Now our Lord so directed that in the day on which I entered the mountain this blessed man died without having been ill, for he died whilst he was sewing together palm leaves for mats, without fever and without sickness. And he was seventy years old. Now he was sewing together palm leaves for a mat, and coming to the end of it he sent and called me. And when he had finished sewing it, he said unto me, “Take this mat from my hands, so that thou mayest keep me in remembrance, for I have nothing else whatever to leave thee”; and having given it unto me he straightway died. And I wrapped his body in linen swathings, and buried him, and then I departed from the desert; and I shall treasure the mat as a sacred relic until the day of my death.

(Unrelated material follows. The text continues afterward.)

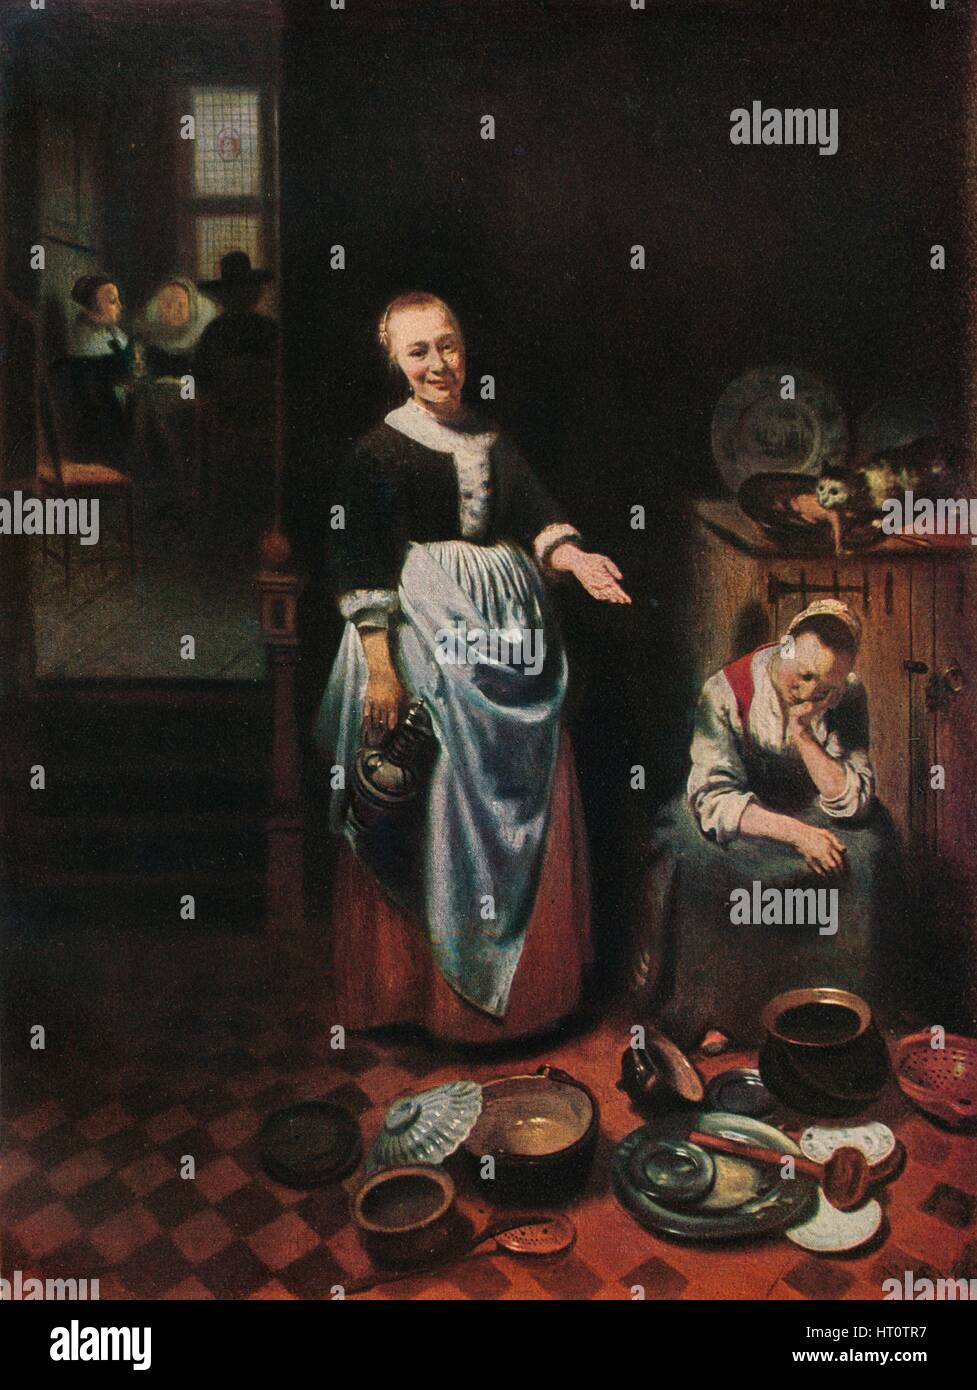 'The Idle Servant', 1655. Artist: Nicolaes Maes. - Stock Image
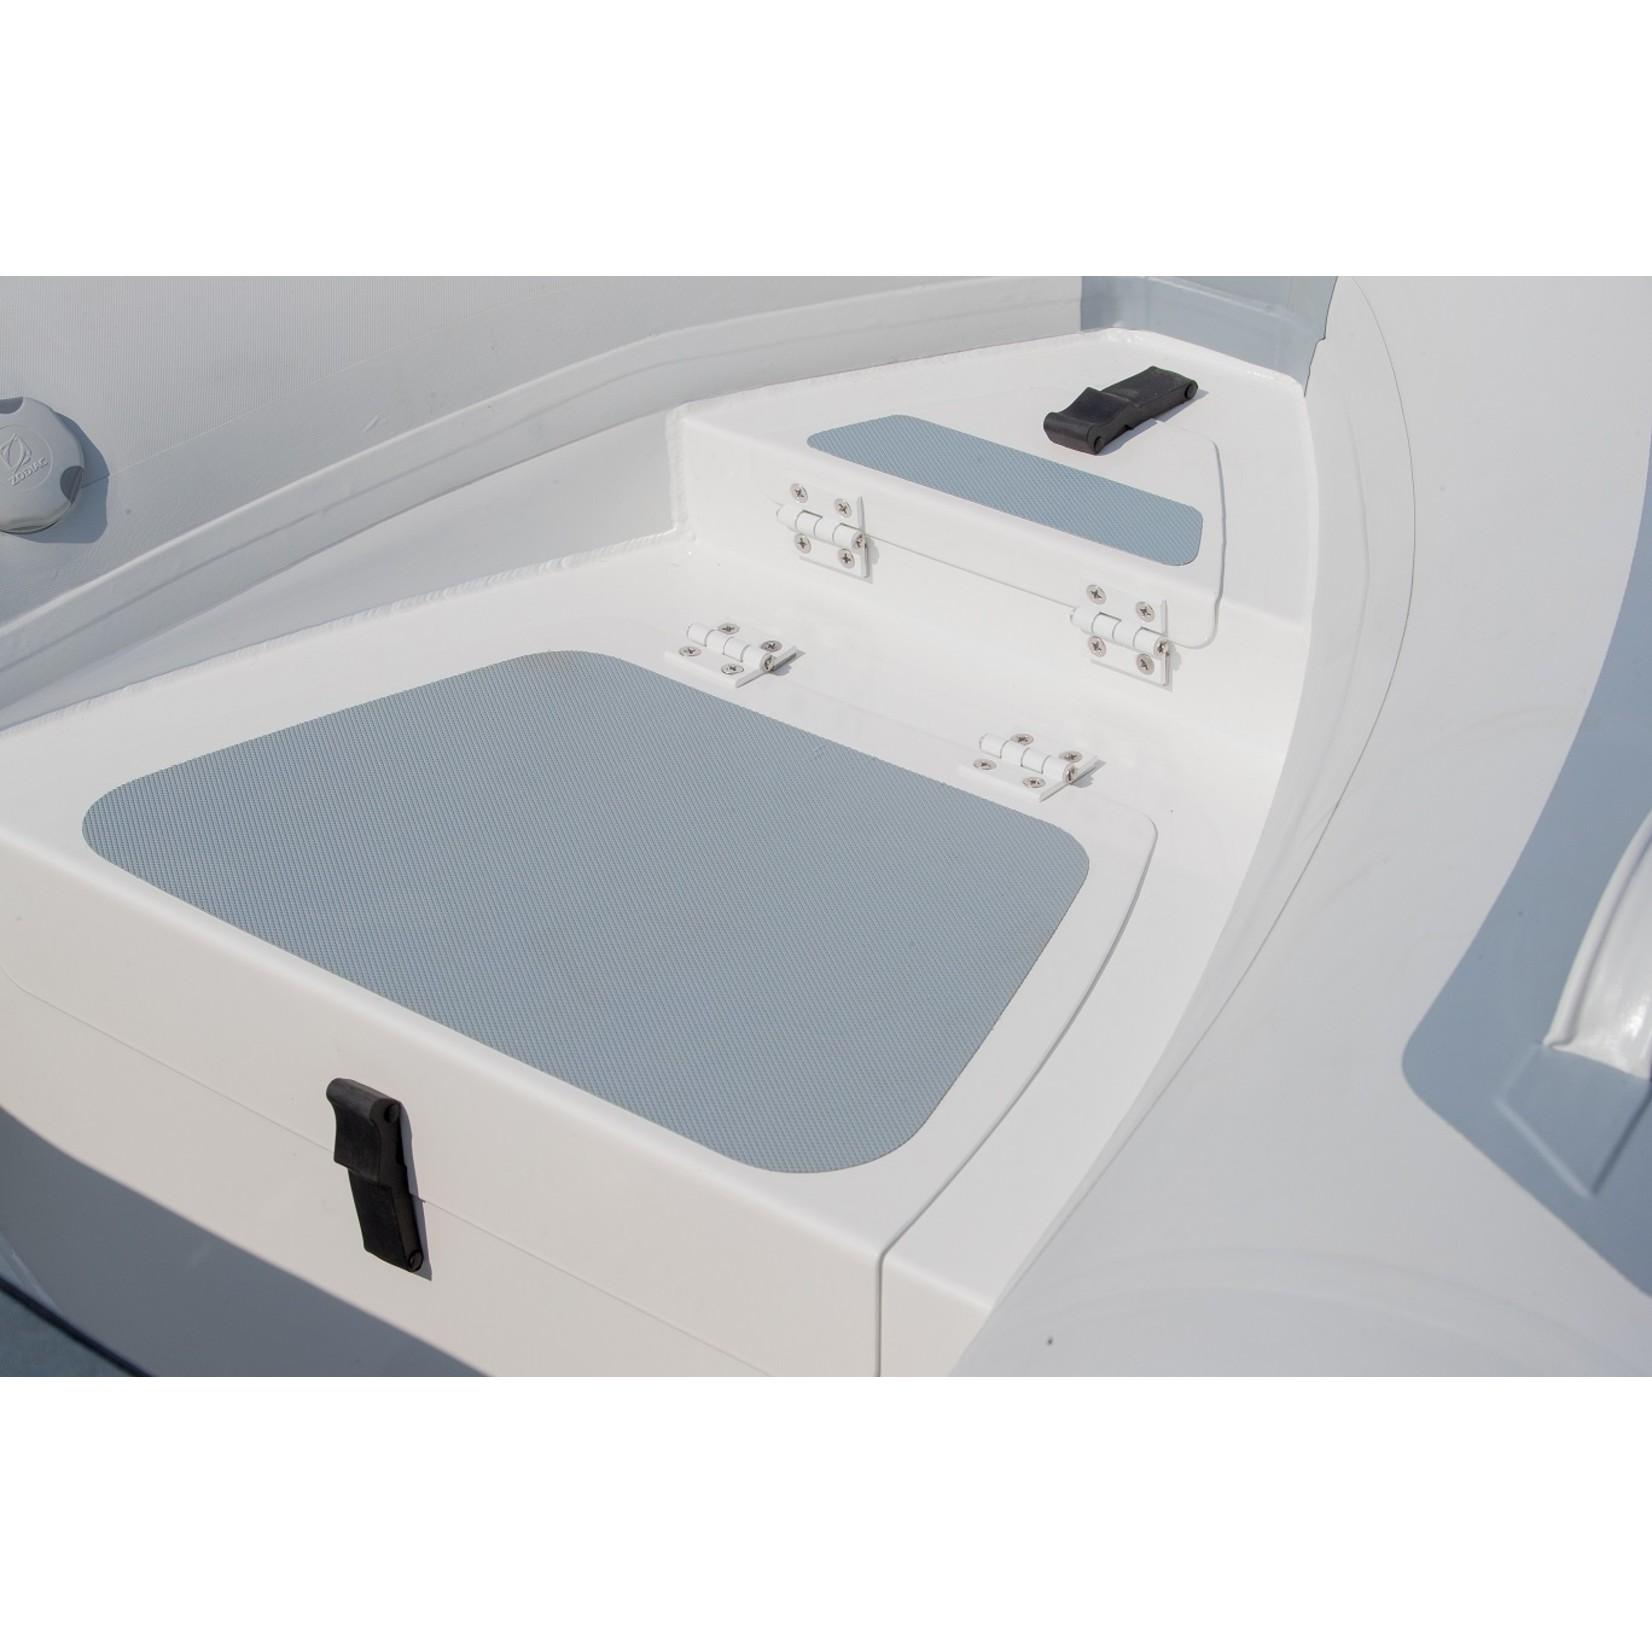 Zodiac Cadet 300 DL ALU RIB - Deck & Locker (3.03 mtr.)

Now at the time of the death of this holy man Pambô there were standing before him certain famous men, Origen the priest and steward, and Ammonius, together with the remainder of the brethren, and they told [me] that at the time of his death, he said, “From the day wherein I came into this desert and built this cell in which I have lived [until this day] I know not that I have [ever] eaten the bread of idleness (or bread) which did not come from the labour of mine own hands; and my soul repenteth not that I have ever spoken an empty word in my life; thus I go to God like one who hath, as yet, not made a beginning in the fear of God.” And Origen and Ammonius, the servants of Christ, in telling us the story of his life, bore witness concerning him that he was never asked a question by any man about a saying from the Book, or about the rules and labours of the ascetic life which he did not either answer immediately, or say, “I have not as yet understood the matter.” Now there were times when he spake these words [only] after three months’ consideration of a matter; and he used to make answer with such understanding that every man received the things which were said by him with as great reverence as if they had [been said] by God. Now this excellence was also attributed to Anthony the Great and to the rest of the holy men. Among other things which are said concerning the holy man Pambô is the following. The blessed man Pîôr once went to Pambô’s cell and took with him some bread, and Pambô made a complaint, saying unto him, “Why hast thou done this?” Then Abbâ Pîôr made answer, saying, “Let [this thing] be not grievous unto thee”; but Pambô was silent and sent him away. And after some time Rabbâ Pambô went to the cell of Abbâ Pîôr, and he took with him bread which had been dipped in water; and being asked, “Why hast thou done this?” the blessed man Pambô said unto him, “Let it not be grievous unto thee that I have also dipped the bread in water.”